Now the questions I have involve the following

1.) The Germans first grasped the concept of Area-Ruling sometime around 1943 by a guy named Otto Frenzl, and by late 1943 wrote a description of this: After the war was over, why did we not end up with this knowledge then? We took all kinds of stuff from the Germans as we progressively occupied them towards the end of the war, and we have it now. The only thing I could think of is if the Russians got it, then after the Cold War we got the information.

2.) If the XF-91 Thunderceptor was originally conceived around a V-tail to avoid transonic interference effects where the tail joined the fuselage, then how is it that it wasn't understood that where the wings of the aircraft joined the fuselage of the aircraft you would get similar results?

3.) How come the F-102 and F-106 required area ruling and the XF-92 did not?
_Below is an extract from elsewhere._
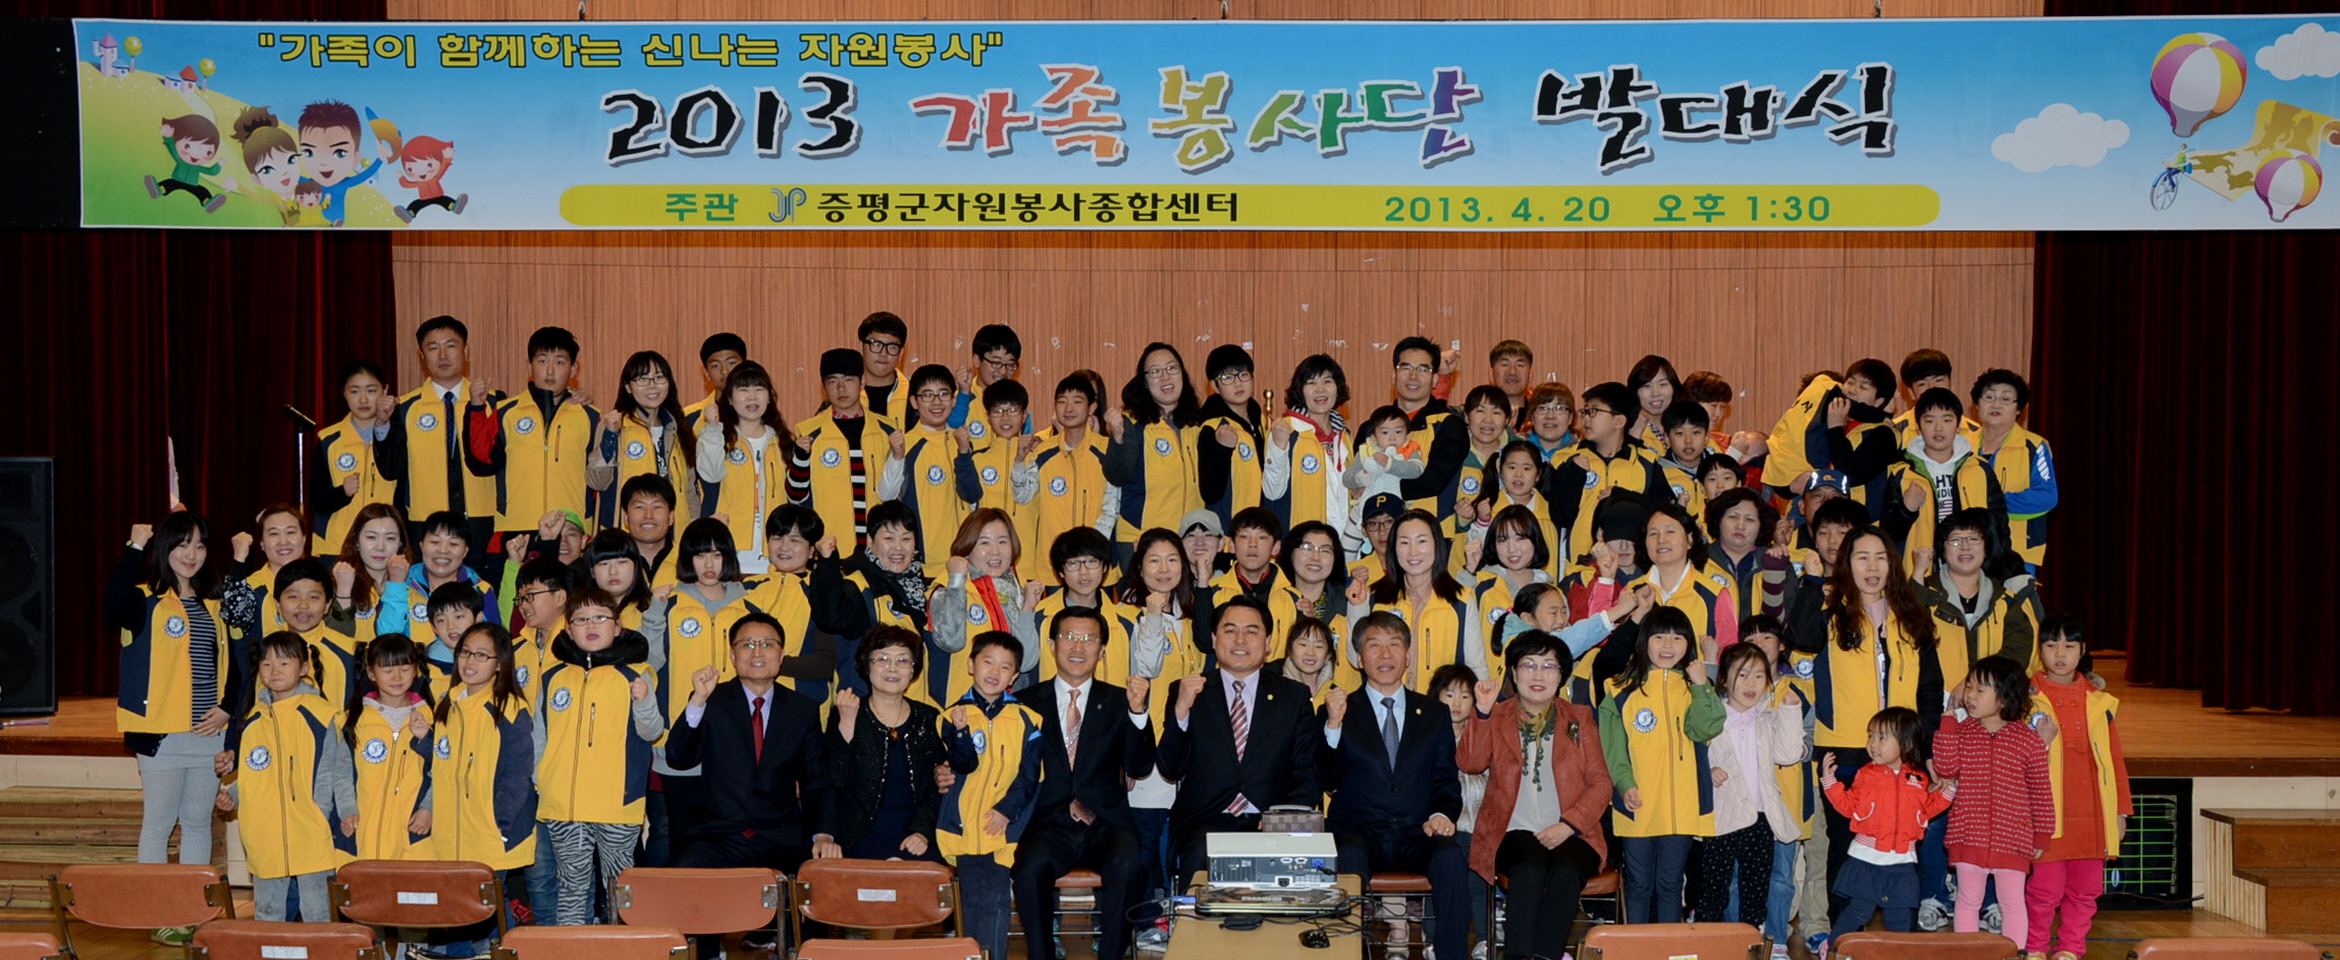 2013 가족봉사단 발대식 참석

The XF-92 had a smaller fineness ratio and thicker wings than the F-102 (all of which to my knowledge aggravate transonic interference effects).

4.) Do air-intakes count as cross-sectional area? Thinking of area ruling like the sliced-loaf of bread it seems to make sense as you get a very low-cross sectional area for the diameter (as there's a hole where the intakes are). I'm not sure where the engines get factored in here, but being that when they're on they produce more thrust than drag, I assume there's no factor; regardless if you think of area ruling not just as cross sectional area but the interference effect of multiple sets of airflows over curved surfaces interacting with each other and amplifying each other's effects, it doesn't seem to be valid (though without a traditional nose the curvature would start at the intake lip and that might yield less fuselage curvature)
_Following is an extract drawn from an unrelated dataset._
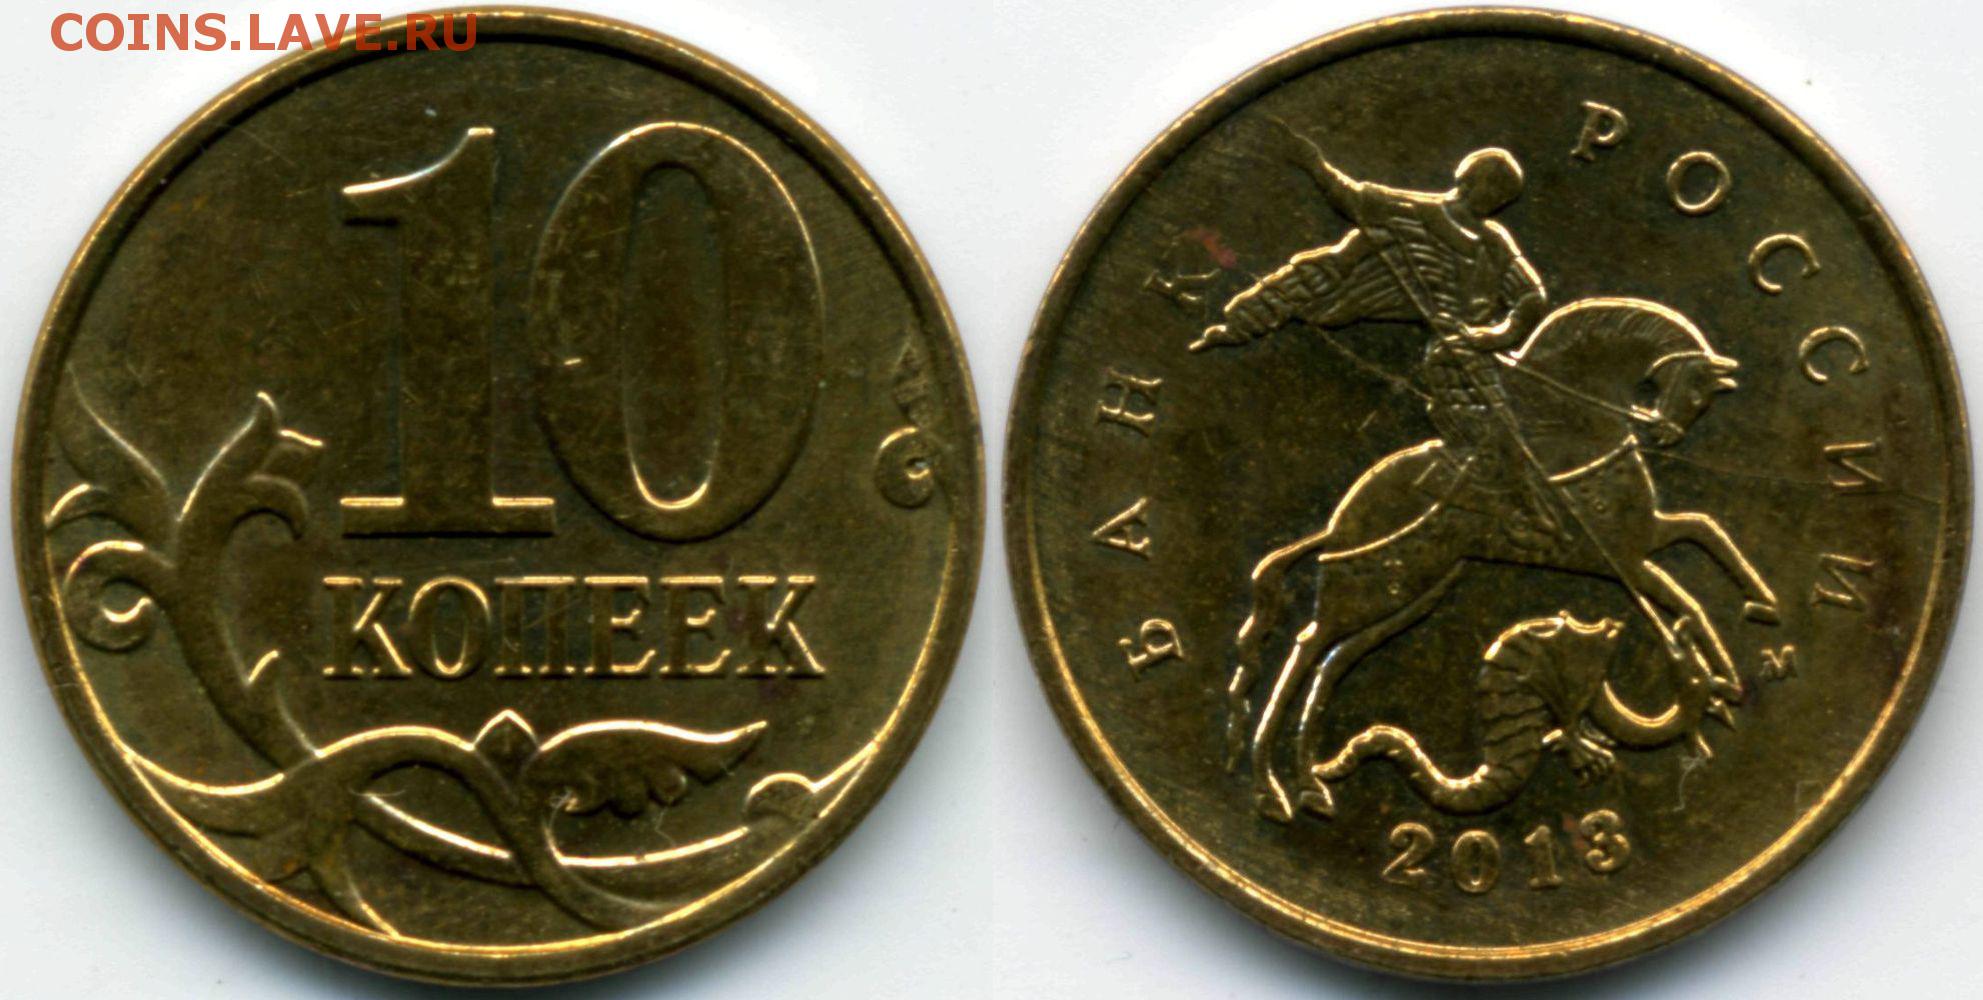 Коп 2014 год. Монета 10 копеек 2010 м XF. 10 Копеек 2014 м. 50 Копеек 2014 года м.

1. The Germans and the Americans developed the area rule interdependently, and the concepts merged after WW2.

2. The XF-91/92, predate Whitcombs supersonic research. The XF91 max speed was mach 1, so it was not likely an issue.

3. The F102/106 did not originally incorporate the area rule and had difficulties at the sound barrier. The YF-102/106 did and speed through the barrier, the 106 being roughly 2 times as fast at Mach 1.6.

4. Yes the area of the intakes count, as a function of the nose break. You have to factor in the nose section.

FlightPathOBN

1. The Germans and the Americans developed the area rule interdependently, and the concepts merged after WW2.

Then how come we weren't aware of that 1943 research paper post WW2? It would seem that we weren't fully aware of area-ruling until 1952 with Richard Whitcomb's work.

The XF91 max speed was mach 1, so it was not likely an issue.

Actually, the XP-92/XP-92A and XF-91 were both designed to have supersonic performance. The XF-91 had an afterburner, four rocket-engines, and was capable of Mach 1.71 with the rockets and everything running. It was most certainly supersonic.

3. The F102/106 did not originally incorporate the area rule and had difficulties at the sound barrier.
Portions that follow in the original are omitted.